* [Exercise prompt]:
Pictures stay out of the copy; set down each line of the listing below exactly.
** Collected material follows **
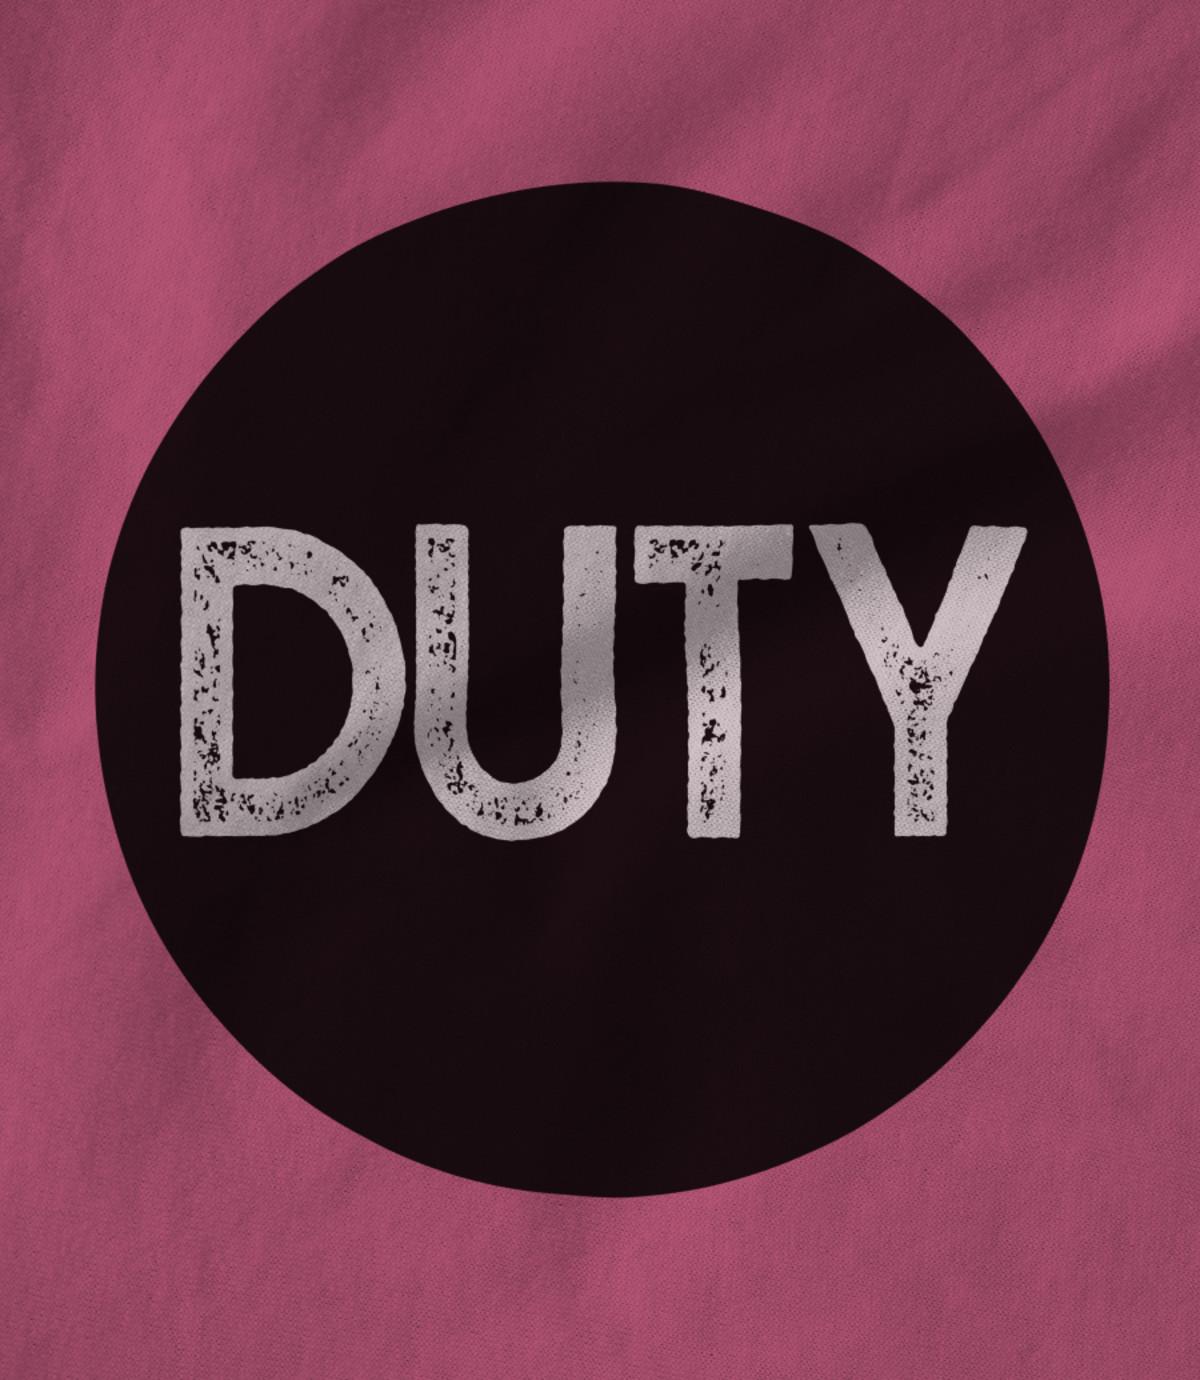 Duty duty circle logo pink 1542364160
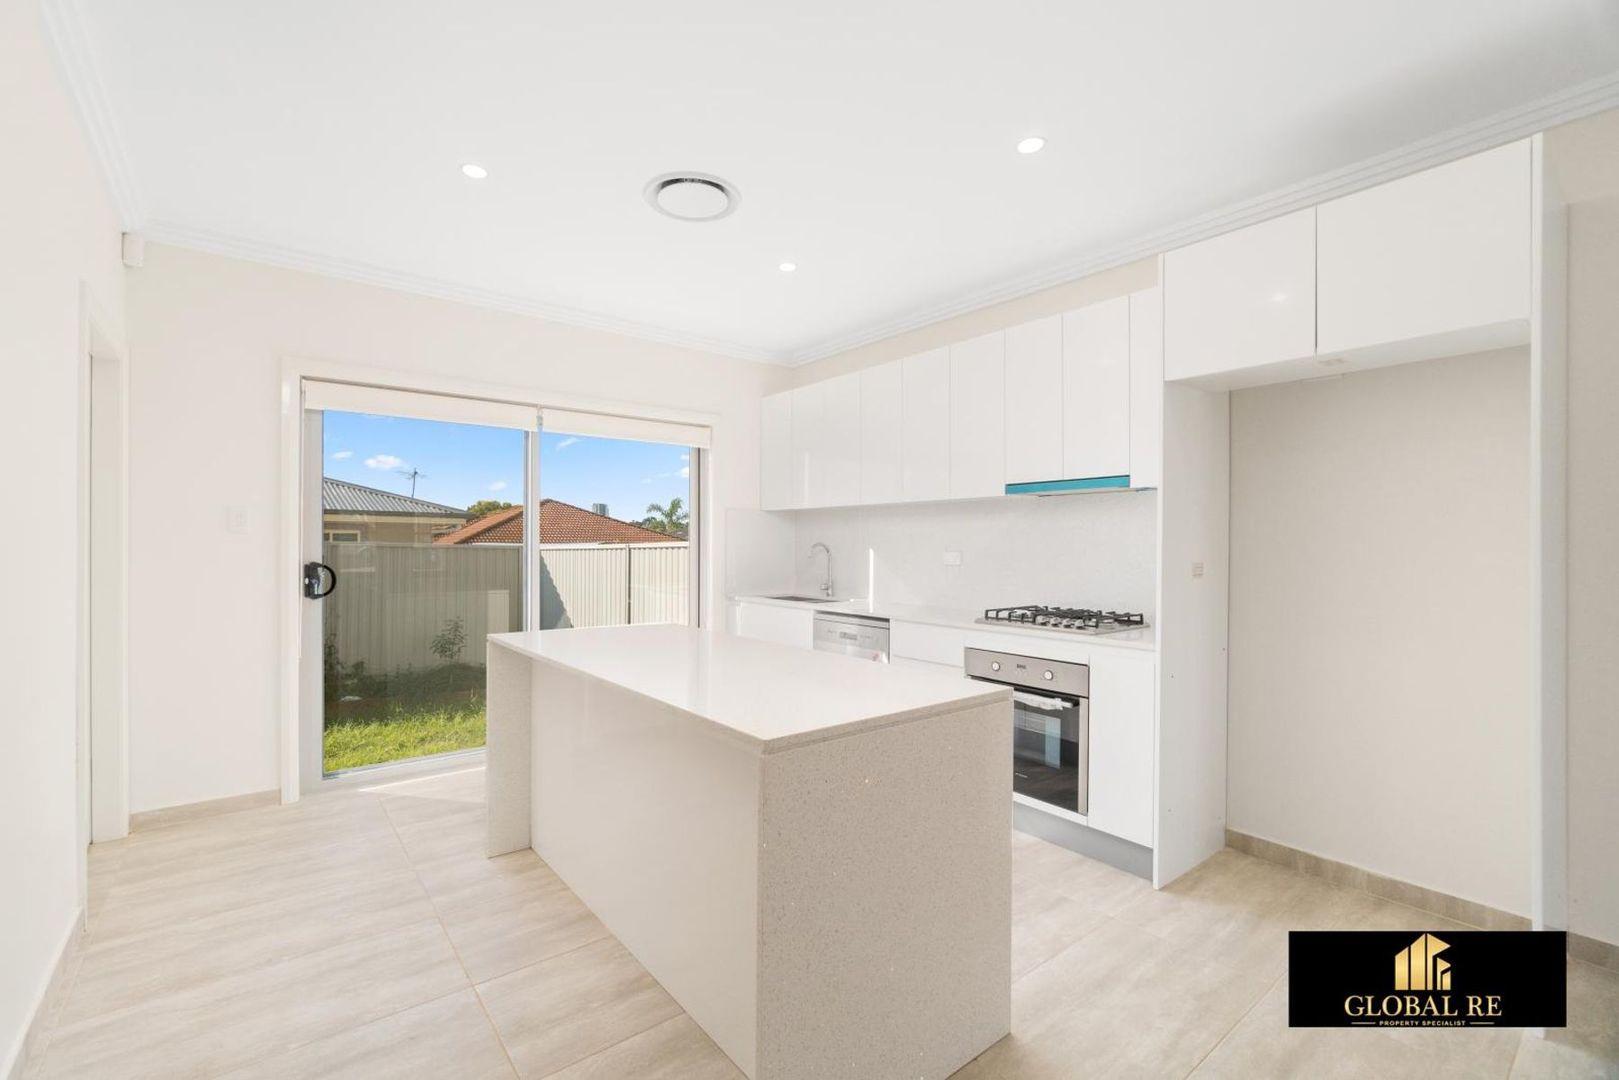 2/13-15 Gibson avenue, Casula NSW 2170, Image 1
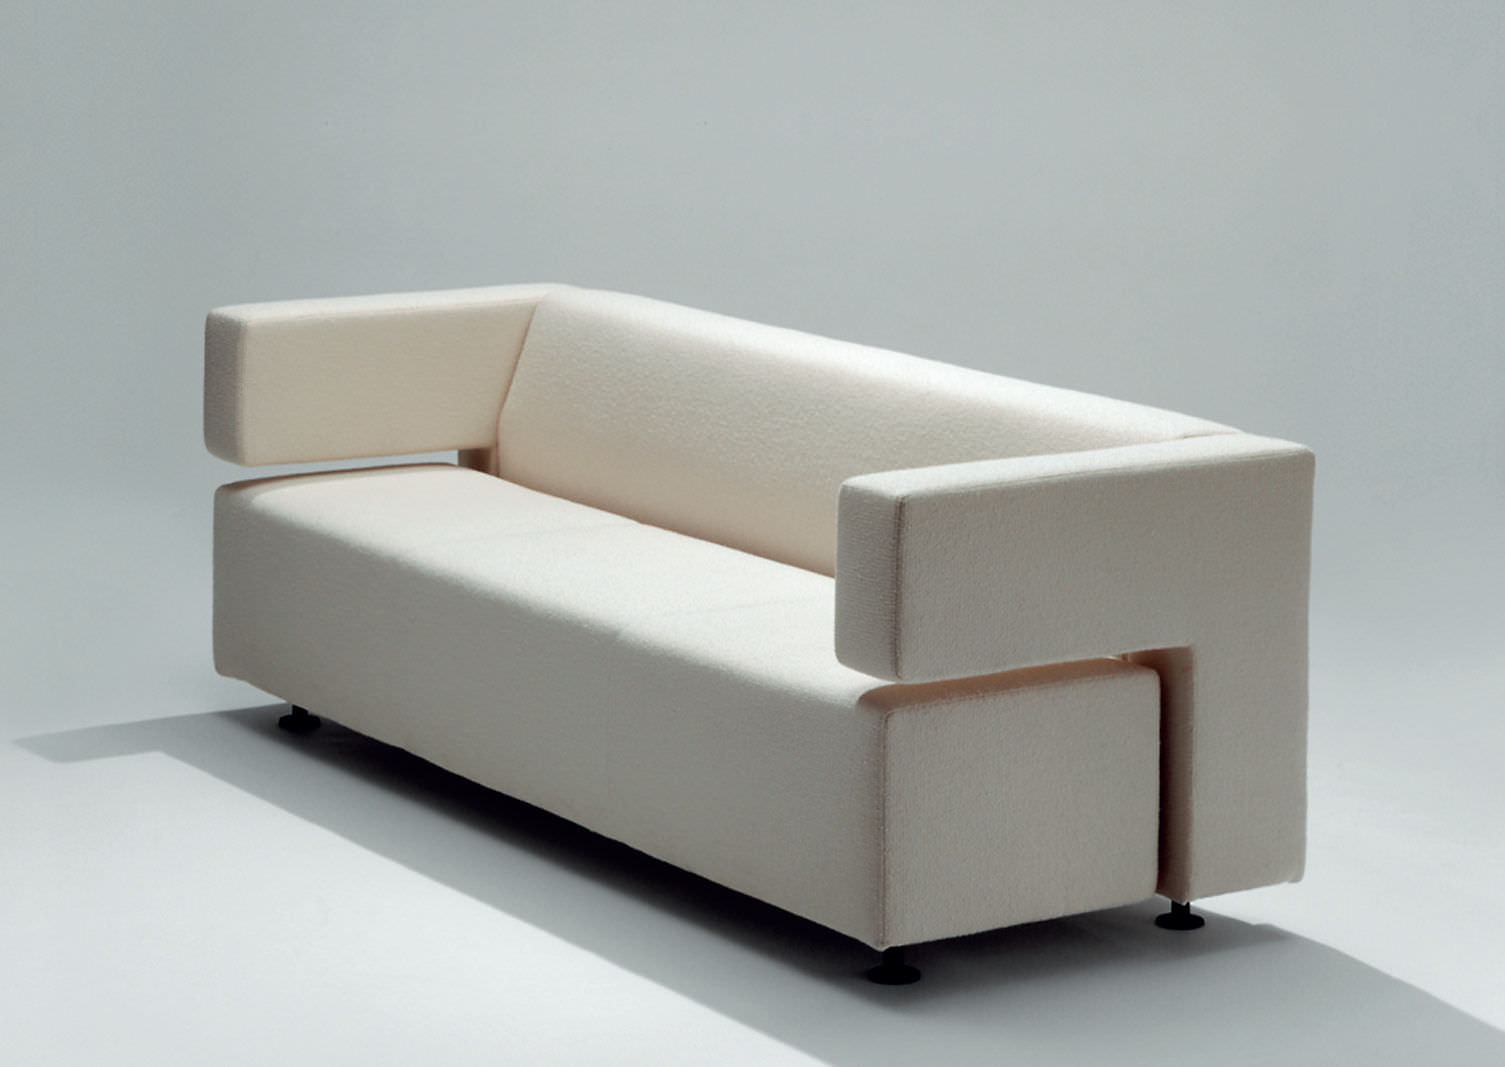 Contemporary Sofa / Leather / Fabric / 2 Person – Milojouko Pertaining To Milo Sofa Chairs (View 18 of 25)
** End of Collected material **
* [Output of the task]:
 Duty duty circle logo pink 1542364160
 2/13-15 Gibson avenue, Casula NSW 2170, Image 1
 Contemporary Sofa / Leather / Fabric / 2 Person – Milojouko Pertaining To Milo Sofa Chairs (View 18 of 25)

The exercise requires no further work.